Duquesne Weekend
- Date: February 17–19, 1967
- Venue: The Ark and the Dove
- Location: Gibsonia, Pennsylvania, United States;
- Organized by: Ralph W. Keifer, William G. Storey
- Participants: 25–30
- Outcome: Catholic charismatic renewal

= Duquesne Weekend =

1967 weekend retreat

The Duquesne Weekend was a retreat for Duquesne University students which initiated the charismatic renewal in the Catholic Church. The retreat was held on February 17–19, 1967, at The Ark and the Dove retreat center in Gibsonia, Pennsylvania, United States.

== Background ==
In 1966, graduate student Ralph A. Keifer and history professor William G. Storey of Duquesne University began using the Pentecost sequence Veni Sancte Spiritus to pray for a new outpouring of the Holy Spirit. During this period they attended a Cursillo, and were given two books which describe the experience of baptism in the Holy Spirit: The Cross and the Switchblade and They Speak With Other Tongues.

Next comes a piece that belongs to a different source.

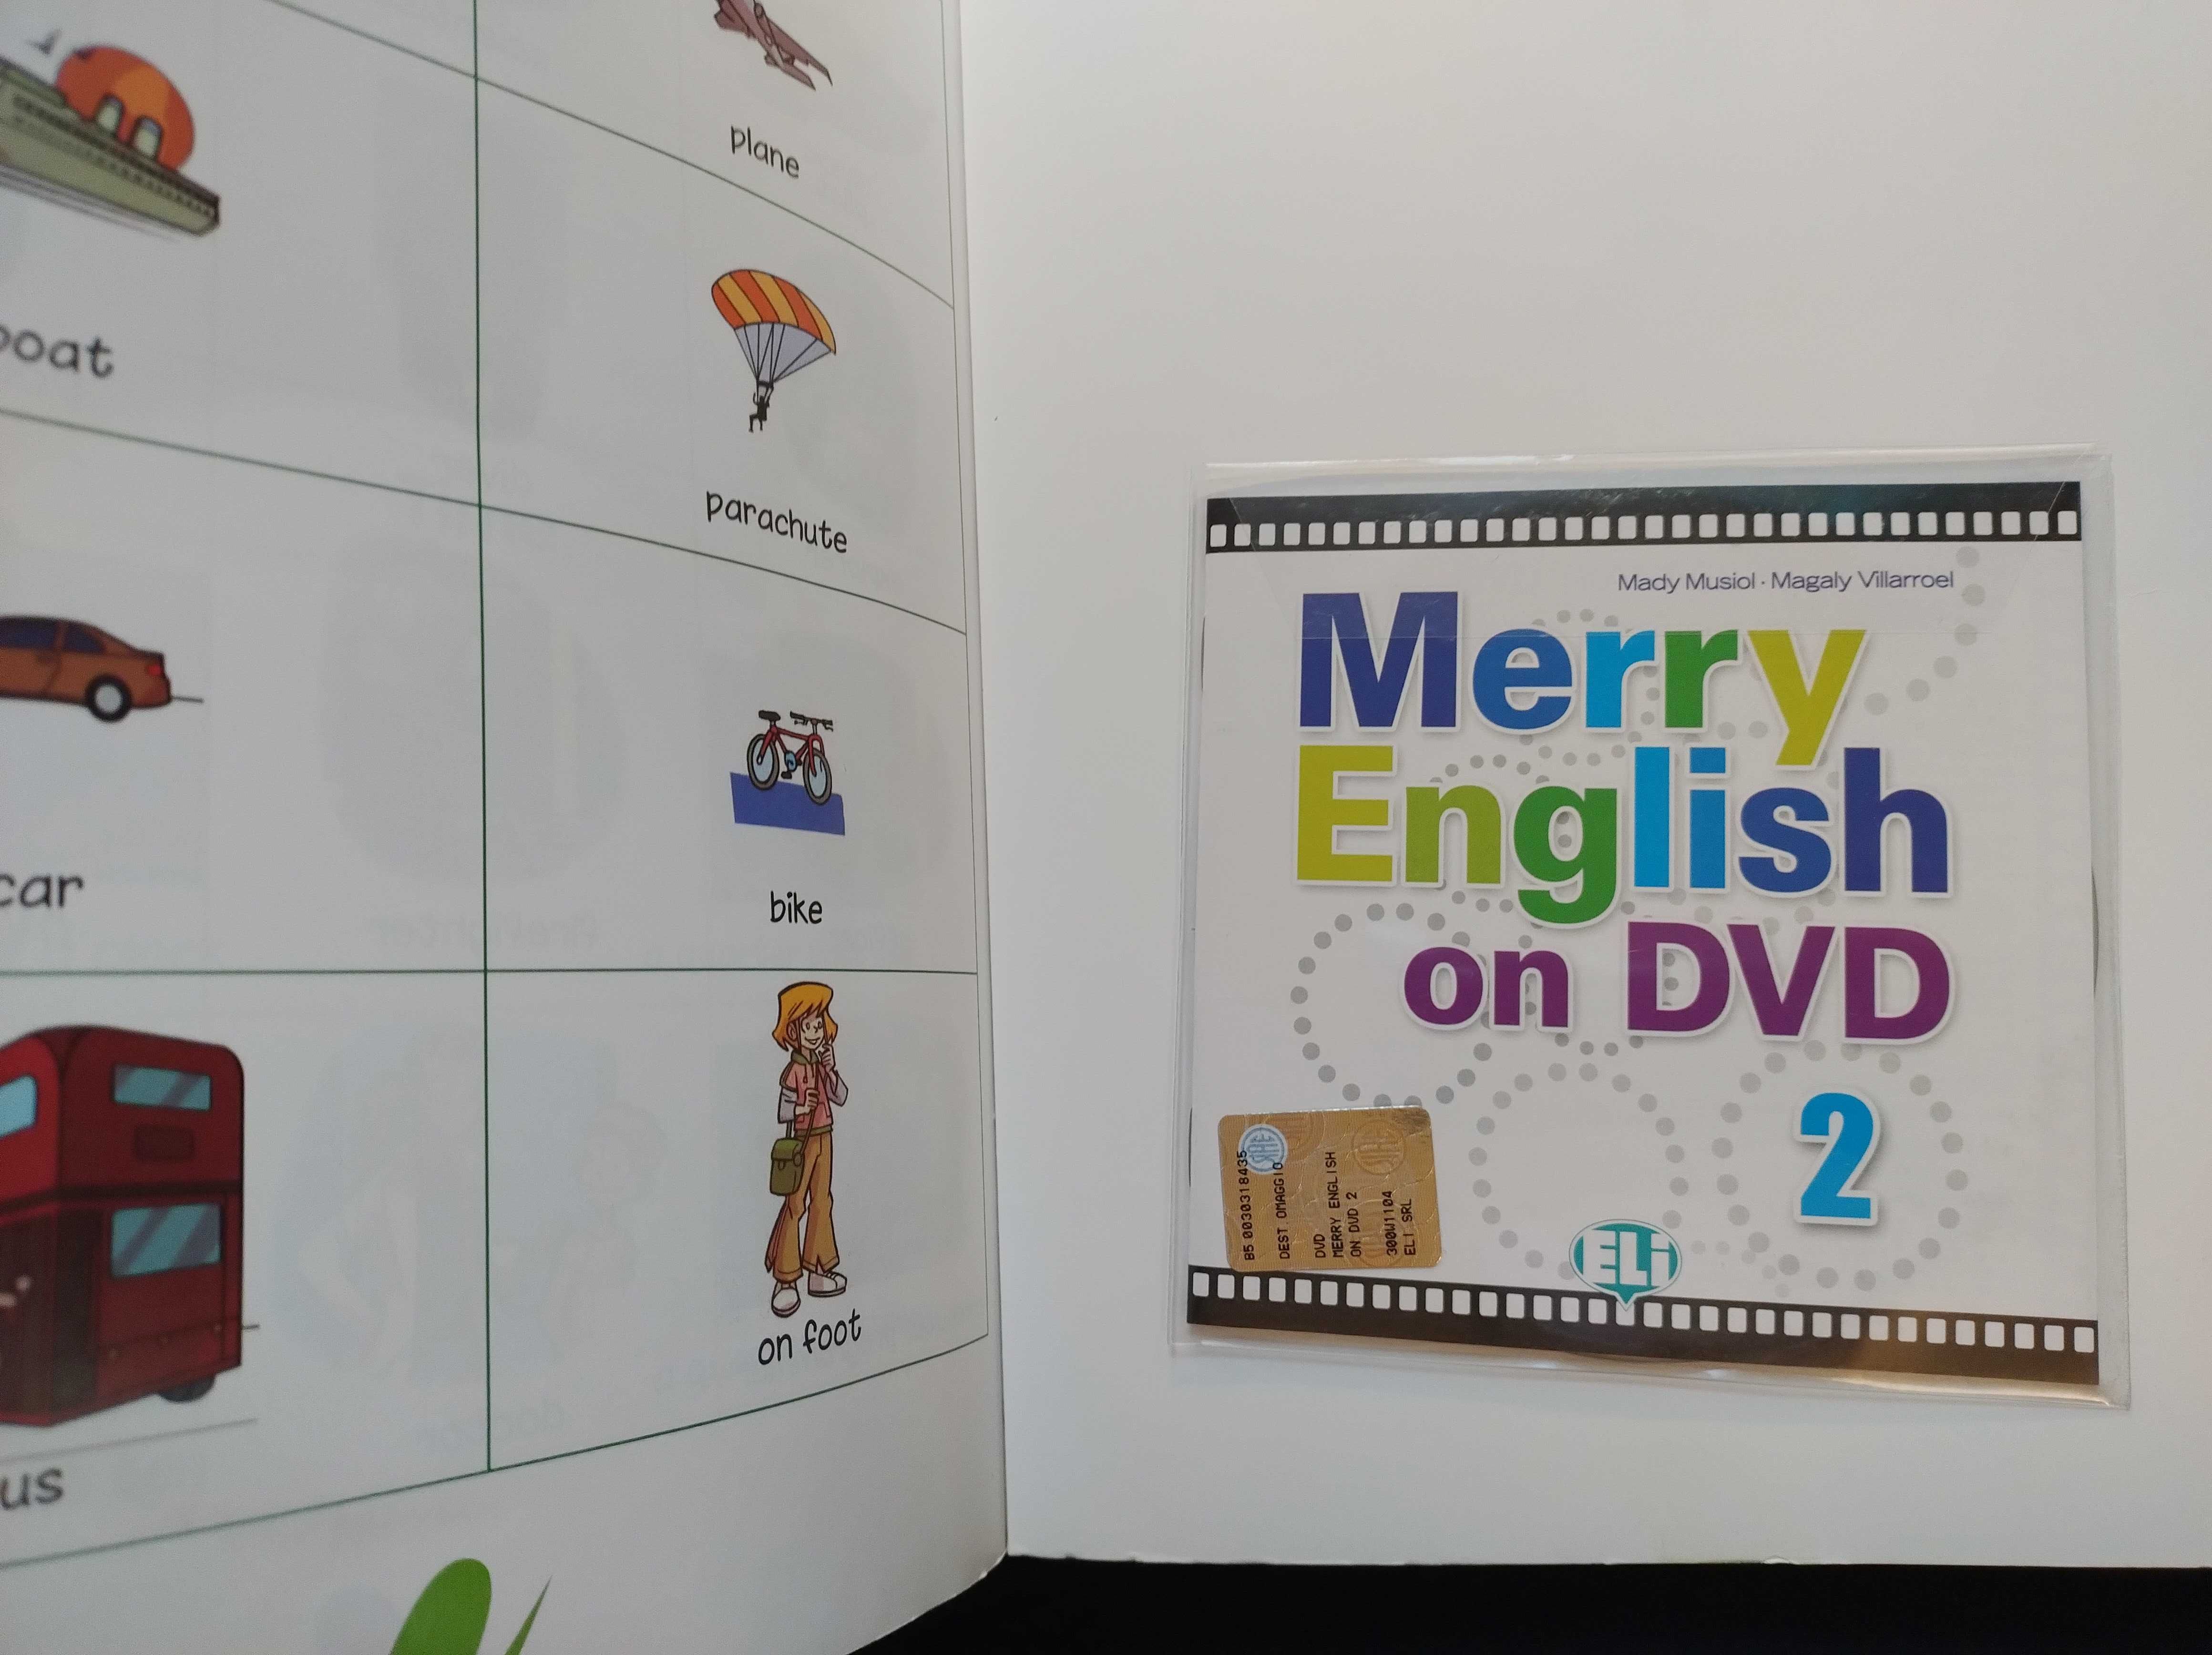 Merry English on DVD 2 - NOWA - Mady Musiol, Stories, songs,

In February 1967, Keifer and Storey were themselves baptized in the Holy Spirit at an Episcopalian charismatic prayer group. At the time, Keifer and Storey had already been organizing a student retreat, and, on account of their experience, they decided to center the retreat on the Holy Spirit.

== Account of the retreat ==
One of the retreatants, Patti Gallagher Mansfield, described the Saturday night of the retreat as follows:
Saturday night a birthday party was planned for a few of our members, but there was a listlessness in the group. I wandered into the upstairs chapel… not to pray but to tell any students there to come down to the party. Yet, when I entered and knelt in the presence of Jesus in the Blessed Sacrament, I literally trembled with a sense of awe before His majesty. I knew in an overwhelming way that He is the King of Kings, the Lord of Lords… I ran down to tell our chaplain what had happened and he said that David Mangan had been in the chapel before me and had encountered God’s presence in the same way. Two girls told me my face was glowing and wanted to know what had happened… Within the next hour God sovereignly drew many of the students into the chapel. Some were laughing, others crying. Some prayed in tongues, others (like me) felt a burning sensation coursing through their hands. One of the professors walked in and exclaimed, “What is the Bishop going to say when he hears that all these kids have been baptized in the Holy Spirit!” Yes, there was a birthday party that night, God had planned it in the Upper Room Chapel.

Many of the students, including Mangan, reported speaking in tongues that night in the chapel.

== Aftermath ==
Keifer sent the news of the retreat to the Catholics at the University of Notre Dame, where a similar event soon after occurred, and the baptism in the Holy Spirit began to spread. For example, by March 1967, Ralph C. Martin, a leader in the Cursillo movement, had become among the earliest beneficiaries of the Duquesne Weekend, and went on to become a major leader in the Catholic charismatic renewal.